> [Dataset excerpts]:
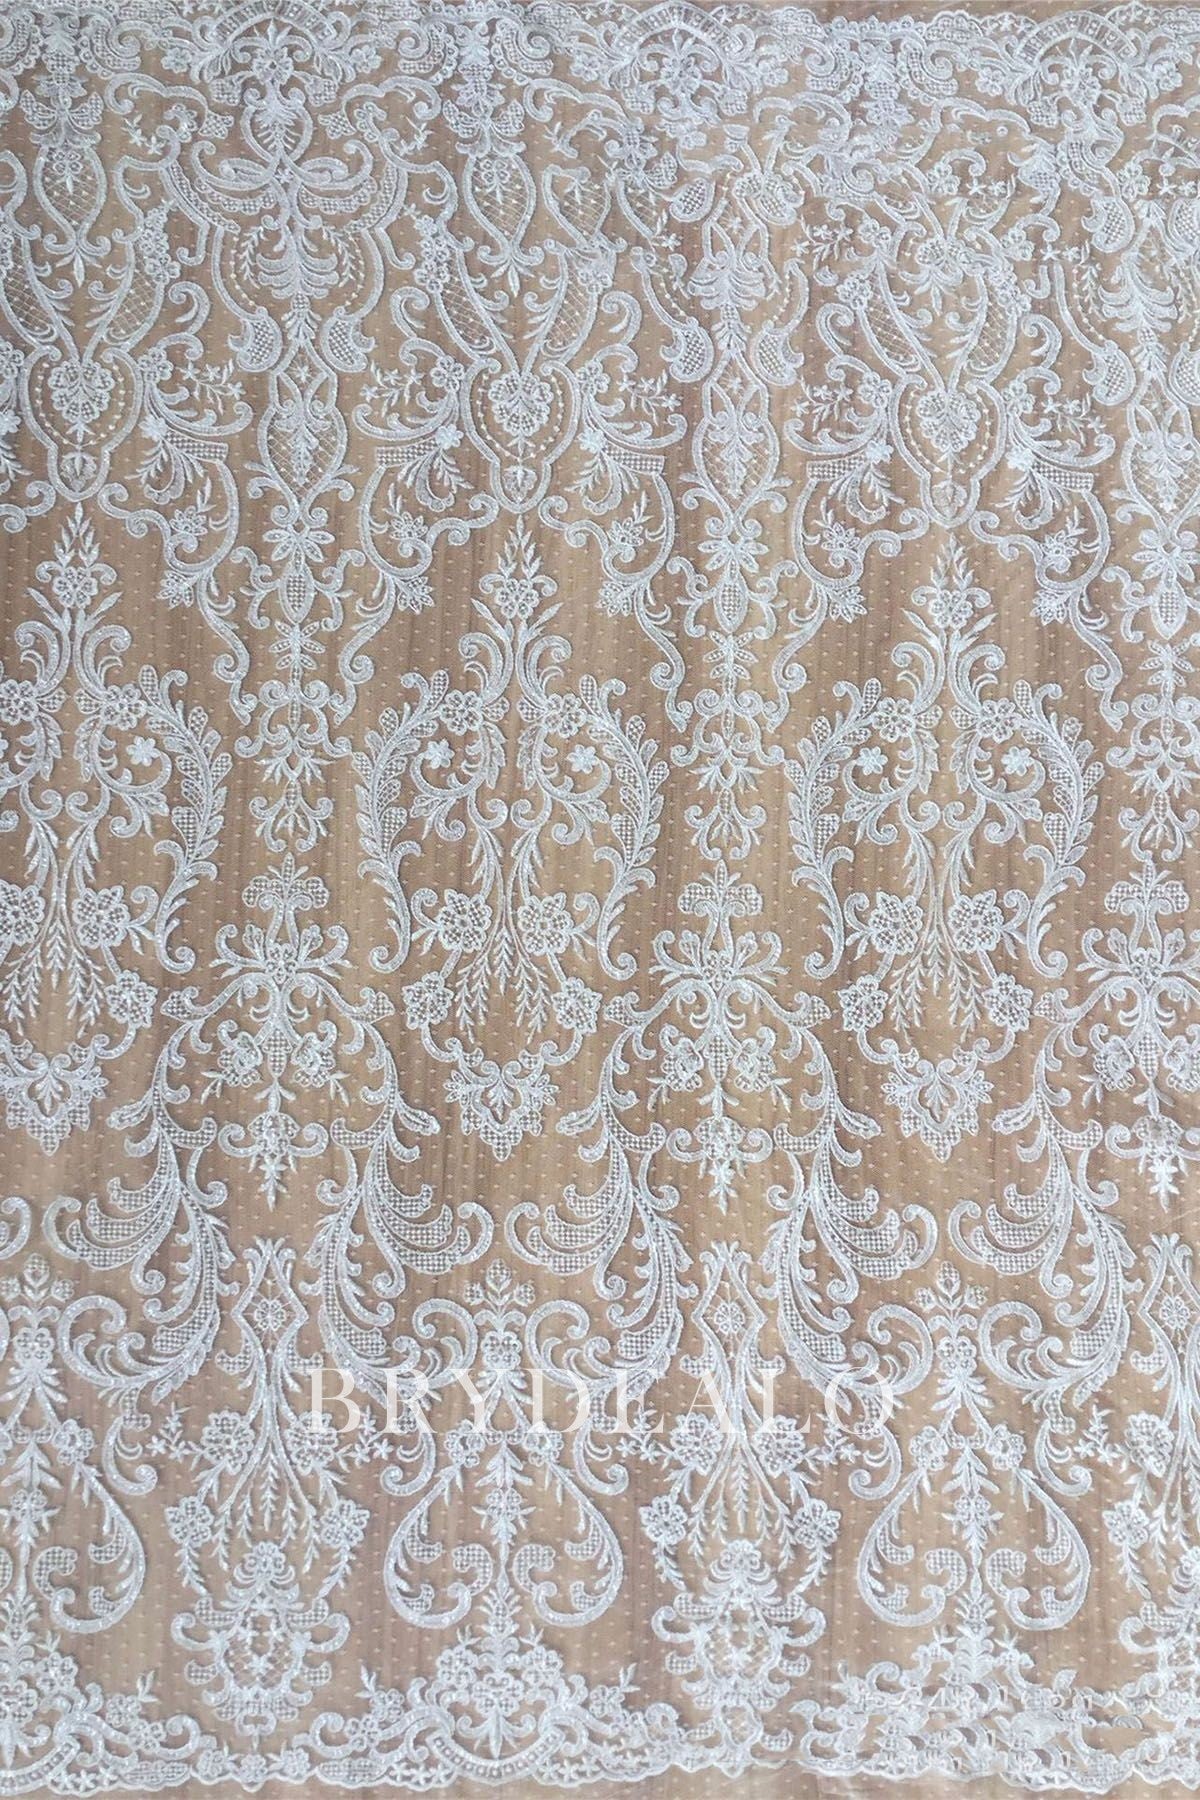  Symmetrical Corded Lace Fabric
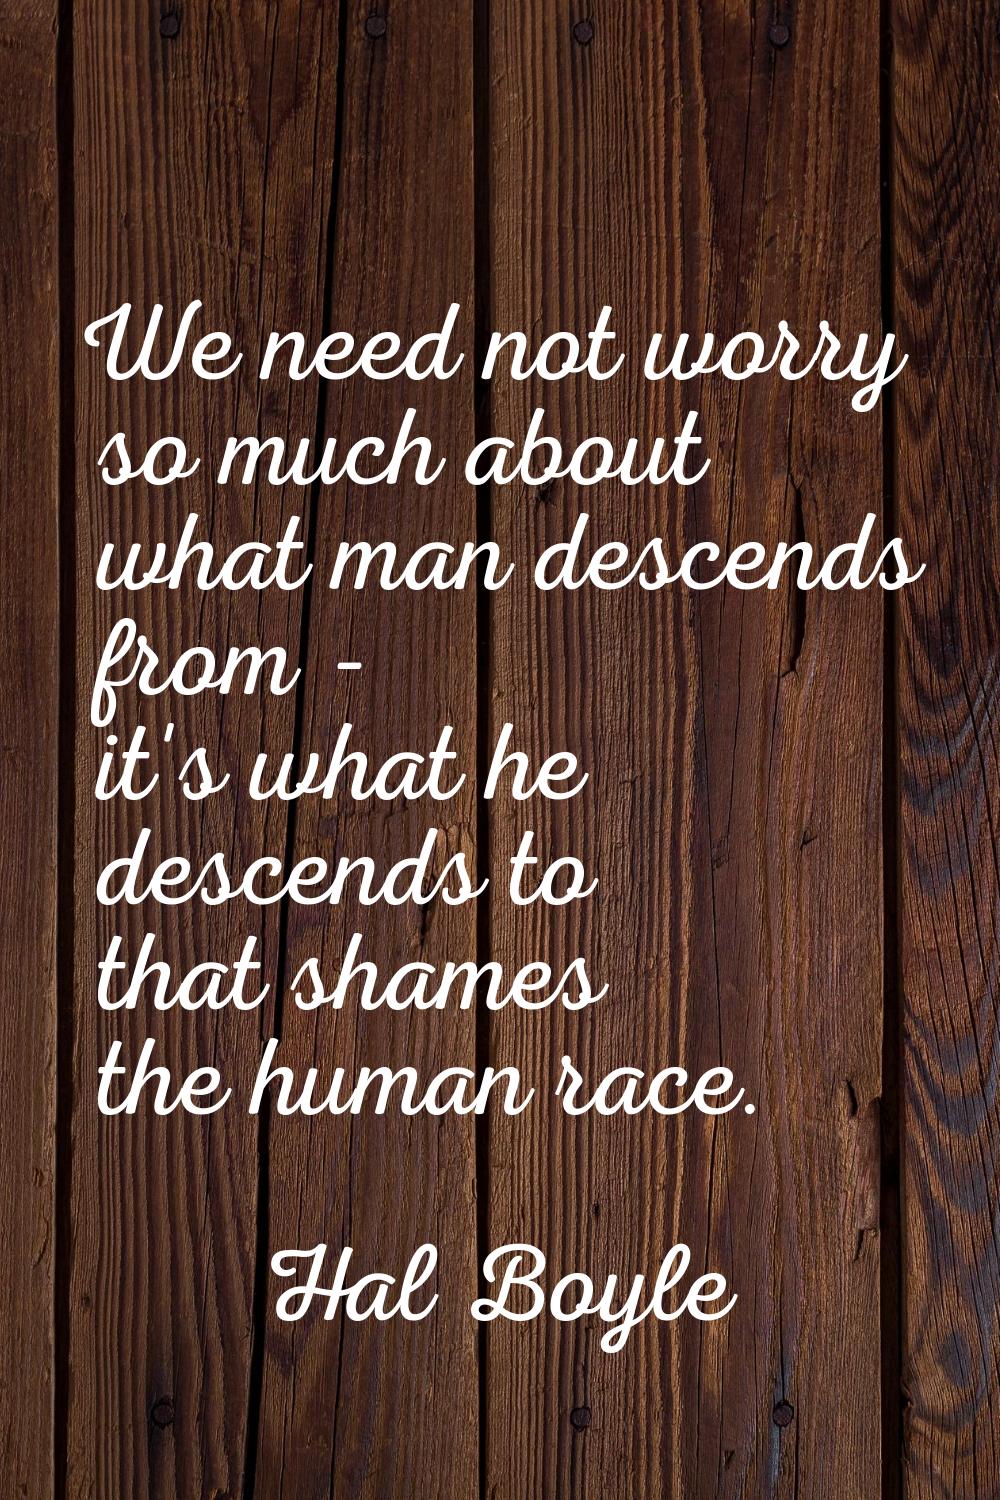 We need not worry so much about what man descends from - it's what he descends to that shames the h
--
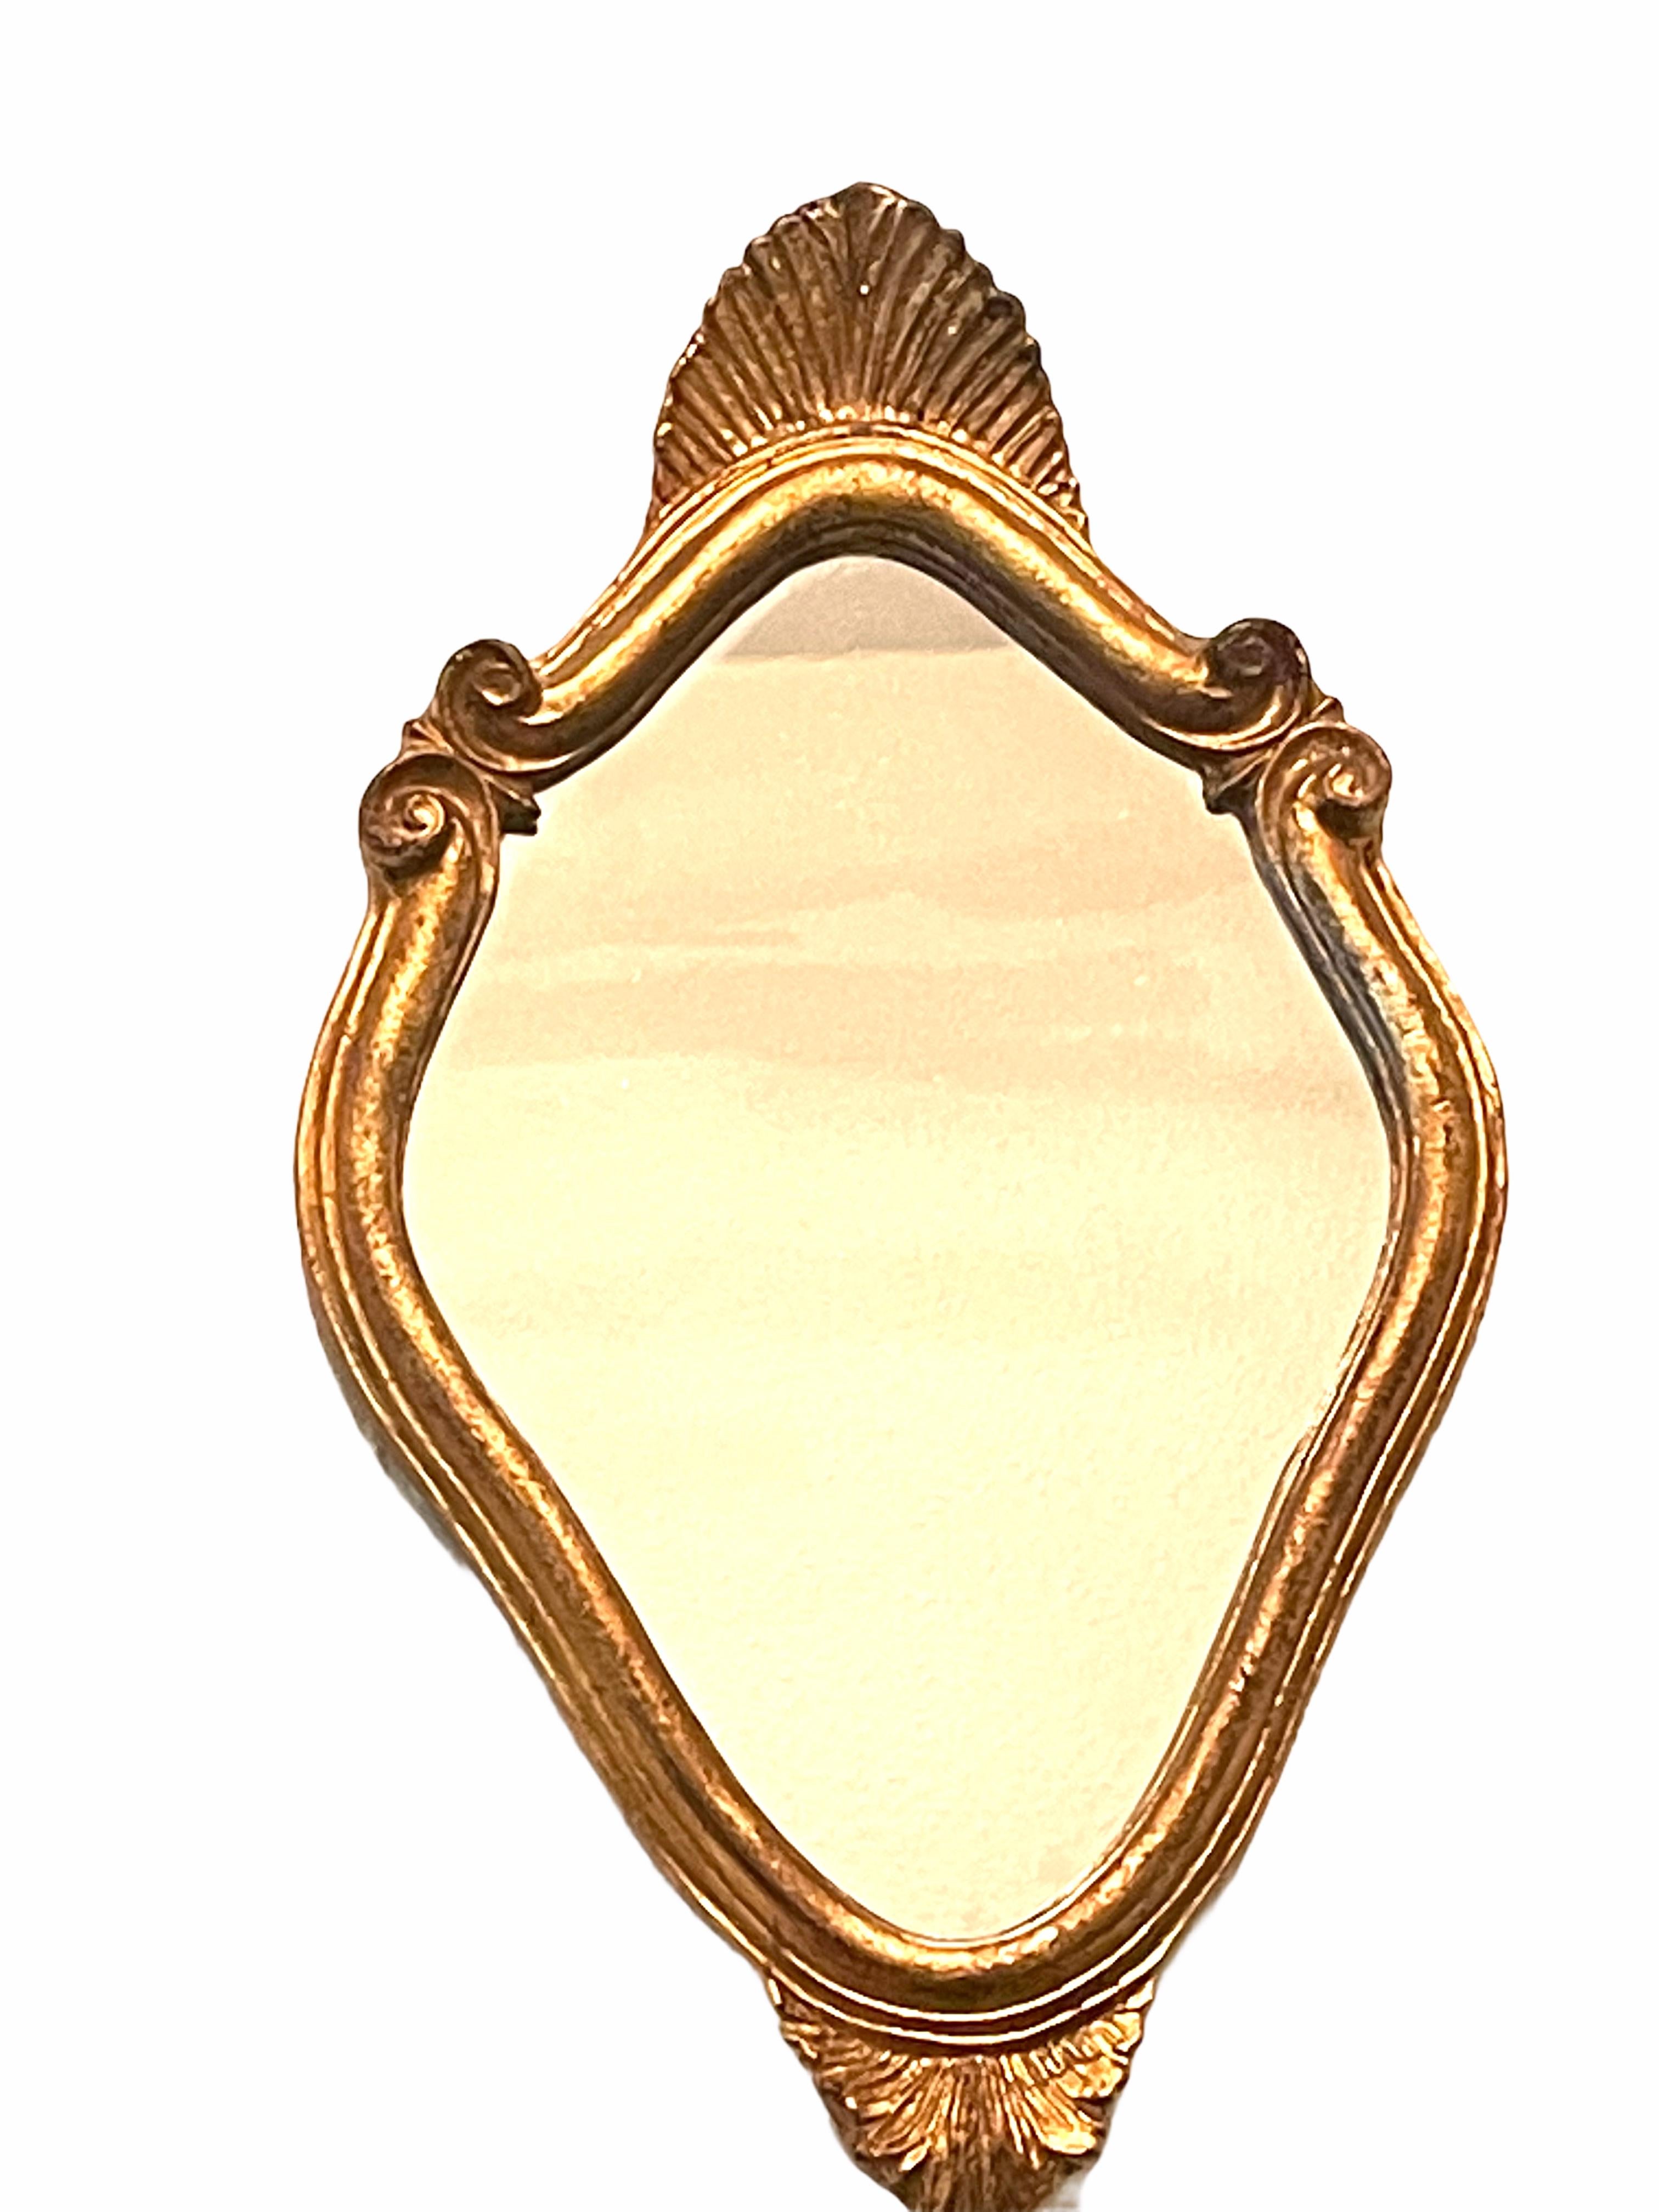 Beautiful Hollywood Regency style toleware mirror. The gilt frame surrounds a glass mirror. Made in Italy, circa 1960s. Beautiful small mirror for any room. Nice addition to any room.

> [Directions]:
Quote the data above exactly from the line with "Symmetrical Corded Lace Fabric" to the line with "We need not", both ends counted, and nothing else. Pictures don't go in.

> [Output below]:
  Symmetrical Corded Lace Fabric
 We need not worry so much about what man descends from - it's what he descends to that shames the h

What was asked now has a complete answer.